Whether true or not, the monastery San Juan de la Pena is a mysterious and unique place. While on our recent walk on the Camino, I took a day to explore the area on the mountain from which there are spectacular views of the Pyrenees mountains in the distance.


  
The Monasterio Nuevo, or new monastery, further up the mountain is a much bigger complex. Its exterior has been rebuilt with a modern museum interior giving much insight on how the monks lived according to the Benedictine Order

The monastery had enormous influence not only in the ancient Kingdom of Aragon but throughout Europe of the early Middle Ages. The monks lived disciplined lives, following a daily routine of contemplation, work and study. Silence was highly cherished. The monks took a vow of silence and were only allowed to speak if it was absolutely necessary or when it was a good thought or blessing. It was obviously an atmosphere that was conducive to highly-focused study and inner spiritual work.

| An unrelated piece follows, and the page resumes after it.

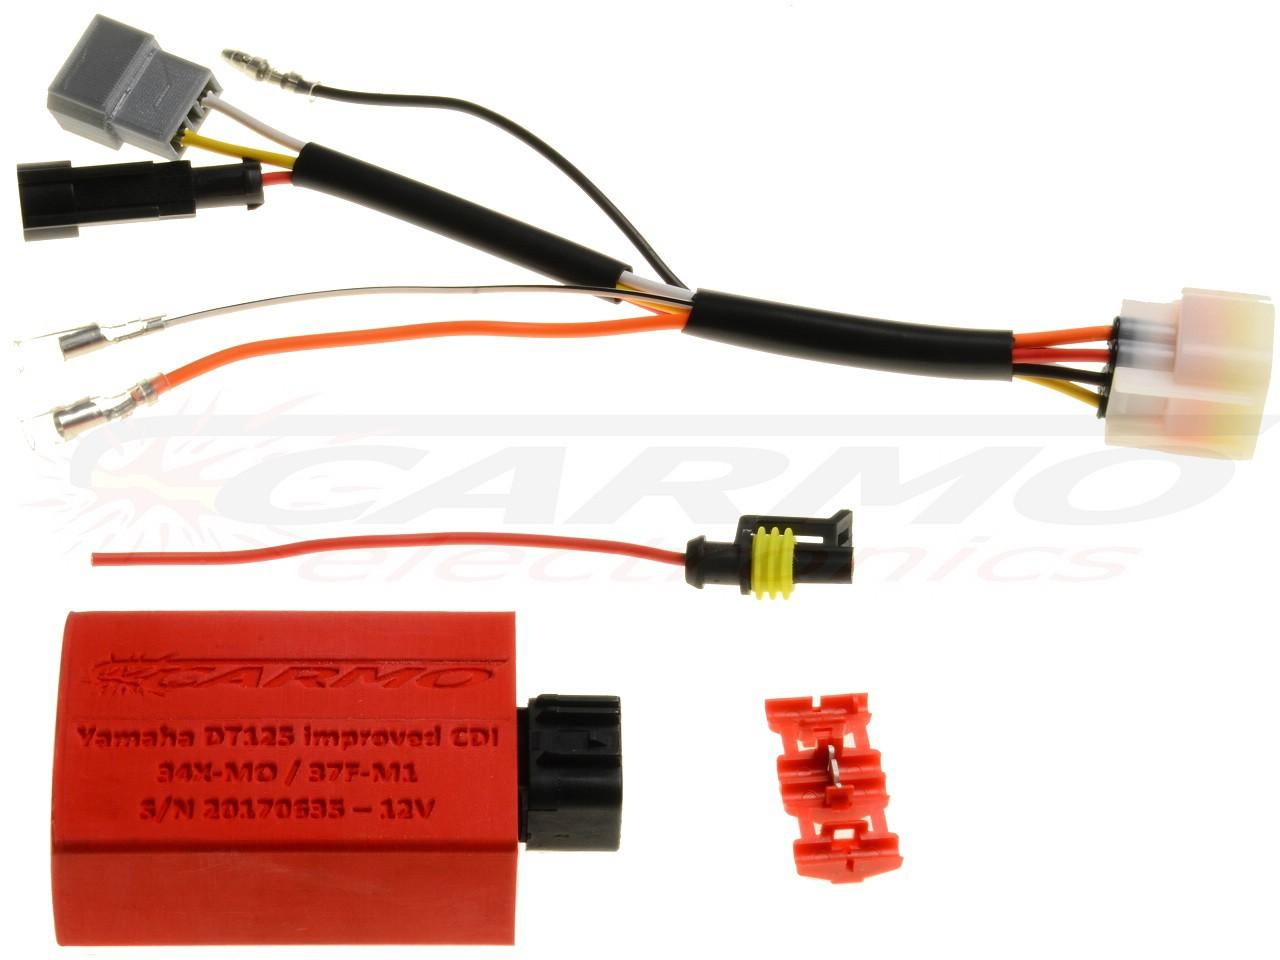 Yamaha Dt 125 Cdi Box Wiring - Wiring Diagram Schematic on
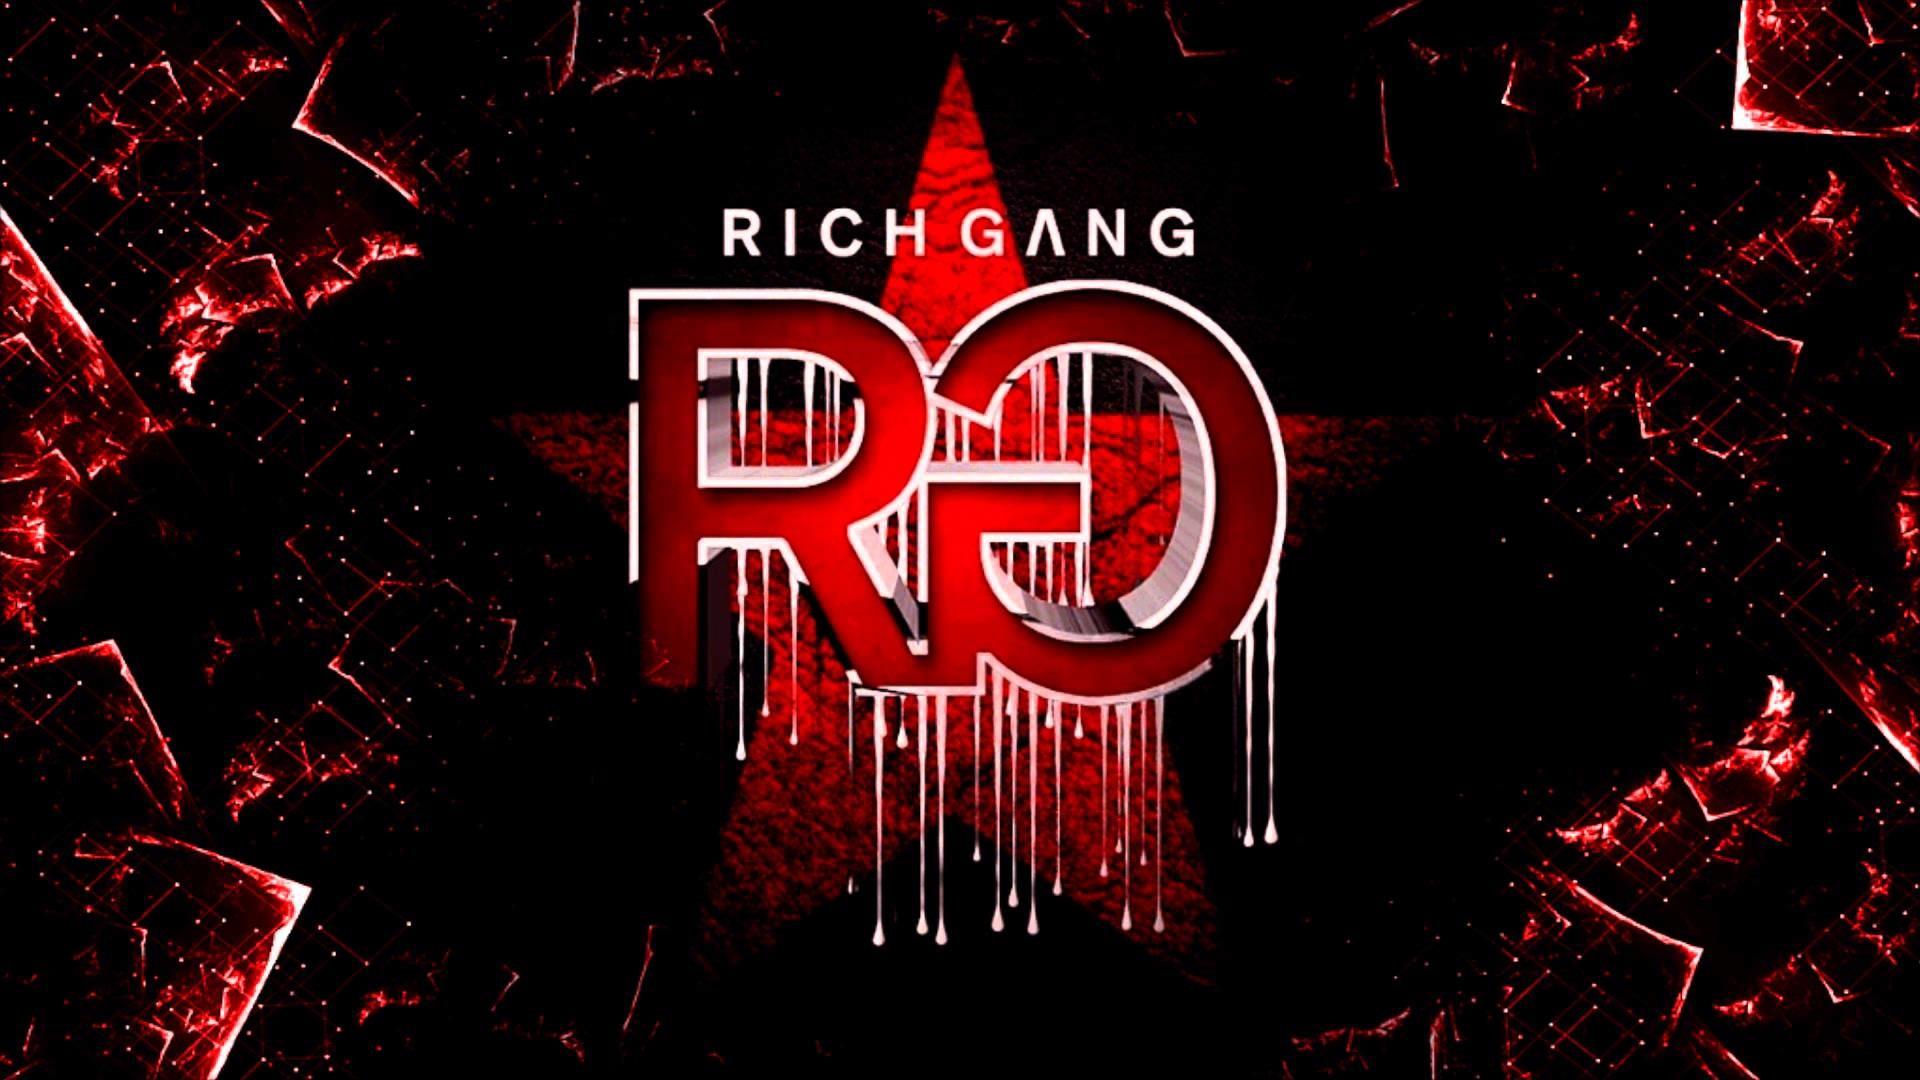 1920x1080 Rich Gang Logo Wallpaper Album Cover

The exhibition in the new monastery illustrates a colorful history of rise and decay. The influence and success of this monastery in the early Middle Ages can be attributed to several factors that are good lessons for today’s corporates:

  • The monks were absolutely focused, disciplined and dedicated to their task
  • At the same time they did not exclude themselves from the outside world, honing the art of networking and relationship-building with the rulers and decision-makers of the time.
  • A charismatic abbot, or leader, was crucial in maintaining cohesion, discipline and respect
  • Basic material needs were catered for by the Kingdom with at times generous grants and donations

Its a mute point on whether the decay started in the year 1399 when the Aragonese King Martino V took the Holy Grail  to his palace in Zaragoza and when the monks asked for it back he tricked them with a replica. There were several fires that destroyed much of the monastery complex in the 17th century. Decay came in line with infighting and power struggles. Grants and privileges from the king were reduced and at times completely stopped. Loss of focus and purpose came in line with vows being broken and poor leadership.

An organisation is only as successful as long as its members are motivated to abide by the internal codes and ethics which always reflects on how it is perceived by those outside. There will always be circumstances that cannot be controlled, such as political change or upheavel. But it is how adaptable and flexible that organisation is to unpredictable changes, that will ultimately determine its survival.